The EU Has Come to Terms with Far-Right Leaders
In recent years there has been a growing normalization of far-right politicians in Europe, with the criteria for deciding which far-right leaders are “acceptable” and which are not at the EU level increasingly becoming their position regarding Ukraine. Neither the fascist roots of Meloni’s party nor the severe infringement of migrants’ rights under her watch have proven an obstacle for the EU to accept the Italian prime minister into its fold. A key element behind this normalization process has been Meloni’s military support for Ukraine in its fight against Russia’s invasion. On the contrary, Órban, who has been obstructing EU funds for Ukraine until he secured concessions from Brussels, has faced more scrutiny and pressure for his far-right policies at home. Although Austria, like Hungary, is not a NATO member, the unanimity principle for major EU foreign policy decisions, such as those concerning aid to Ukraine, would give the country significant leverage.
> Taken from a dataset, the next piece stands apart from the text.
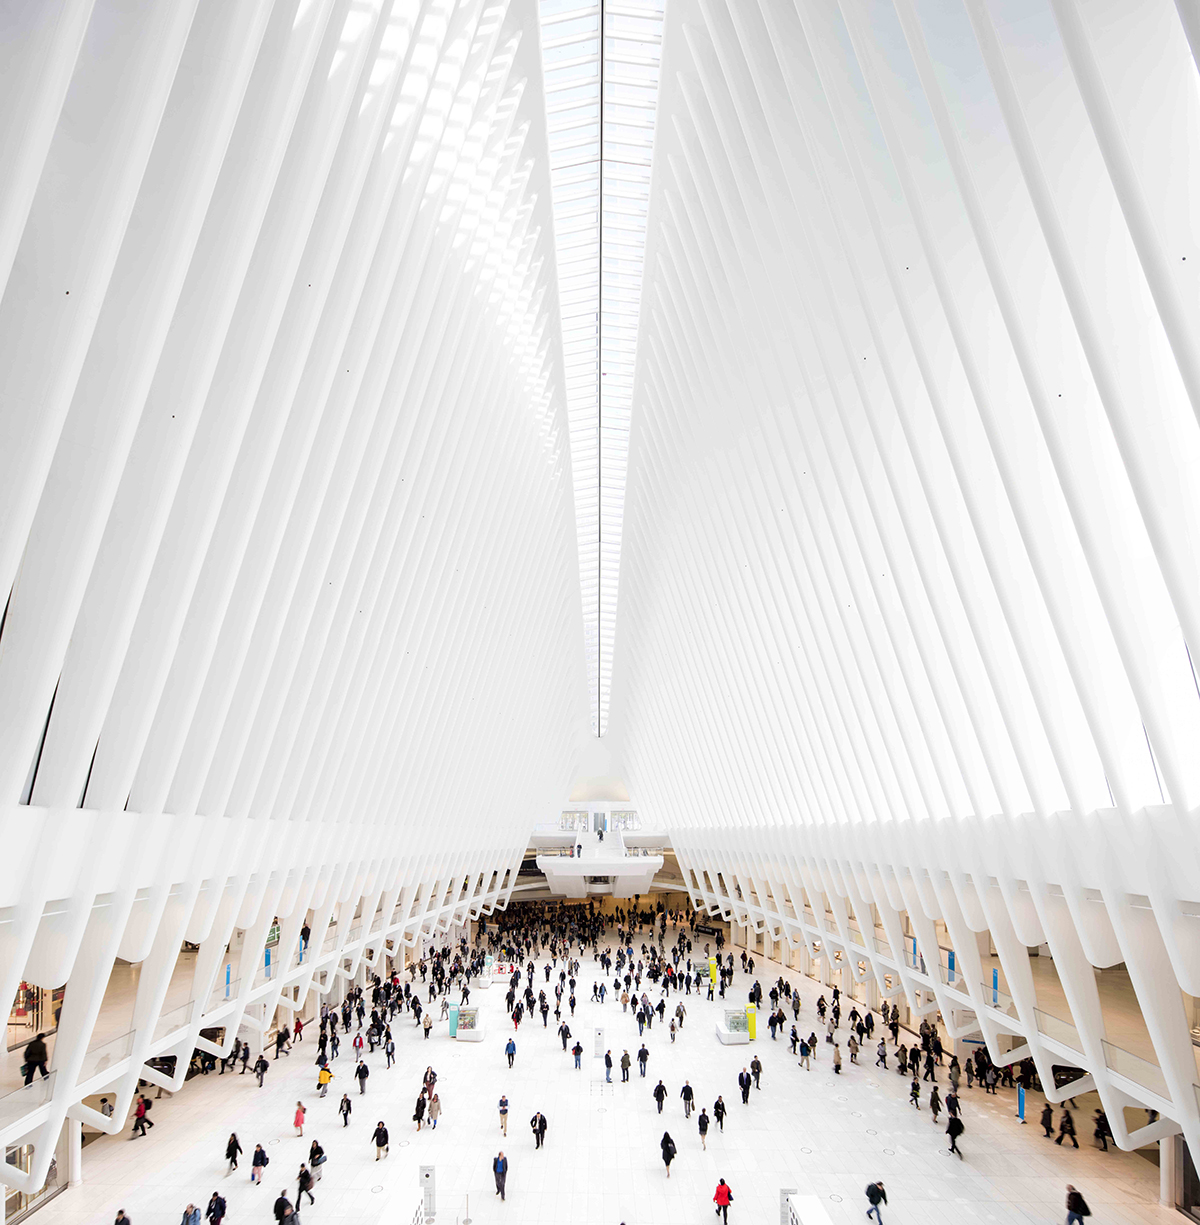 The World Trade Centre Oculus / Santiago Calatrava

In recent years there has been a growing normalization of far-right politicians in Europe.
What would be the foreign policy of a government with the FPÖ and the ÖVP? Bonvalot argues that different positions towards the Ukraine War could derail negotiations between the FPÖ and the ÖVP to form a government. The FPÖ opposes sanctions against Russia, whereas the ÖVP has voted for them at the EU level during the last three years. The FPÖ and Vladimir Putin’s party, United Russia, signed a Friendship treaty in 2016. Although the FPÖ has recently been saying that the agreement is null and void, there continue to be important ties between the Austrian far-right and Russia. Greilinger does not believe that different positions on the Ukraine War would be a deal-breaker between the FPÖ and the ÖVP. However, she notes that Austria’s foreign policy under such a government constellation would likely depend on who fills the position of chancellor. If the ÖVP retains the position, it “will likely continue their previous course on Ukraine.”
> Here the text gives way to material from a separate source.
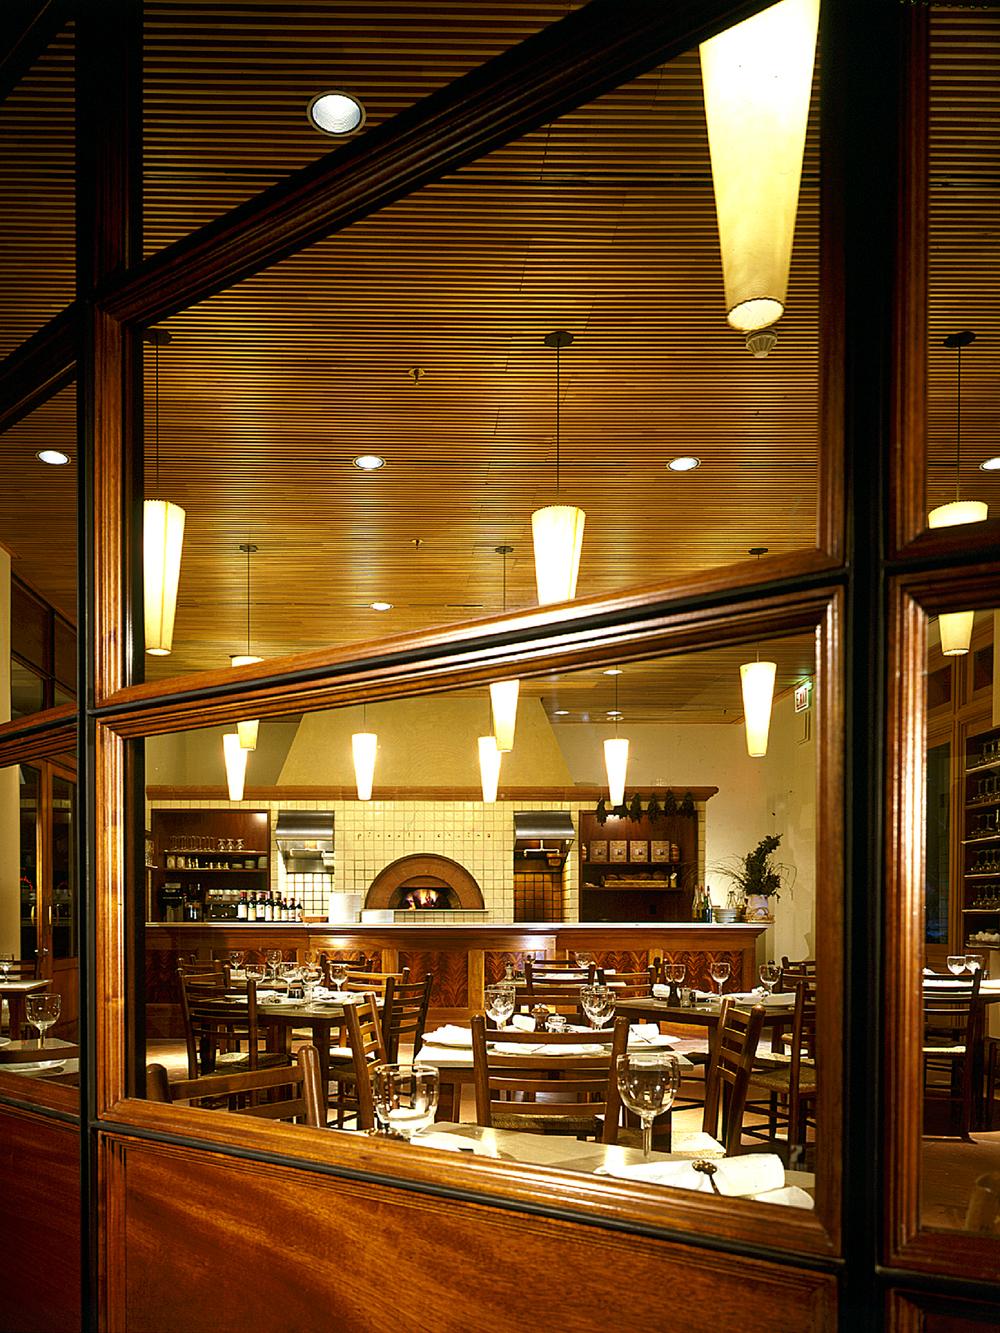 Piccola Cucina Cafe

FPÖ ministers in the early 2000s had been relatively alone in the European context. By the time Kickl became interior minister in 2017, he was able to strike a good working relationship with Matteo Salvini, the Italian far-right politician also in charge of the interior file. If Kickl, or another FPÖ politician to circumvent the ÖVP’s apparent veto on the FPÖ leader, becomes the next chancellor of Austria, this would probably generate less outrage in the EU than the FPÖ’s entry into government as the junior partner in 2000. There is much to criticize about sanctions imposed by the EU back then, but at least they signaled that a red line had been crossed. It is harder to know now where the red lines lie.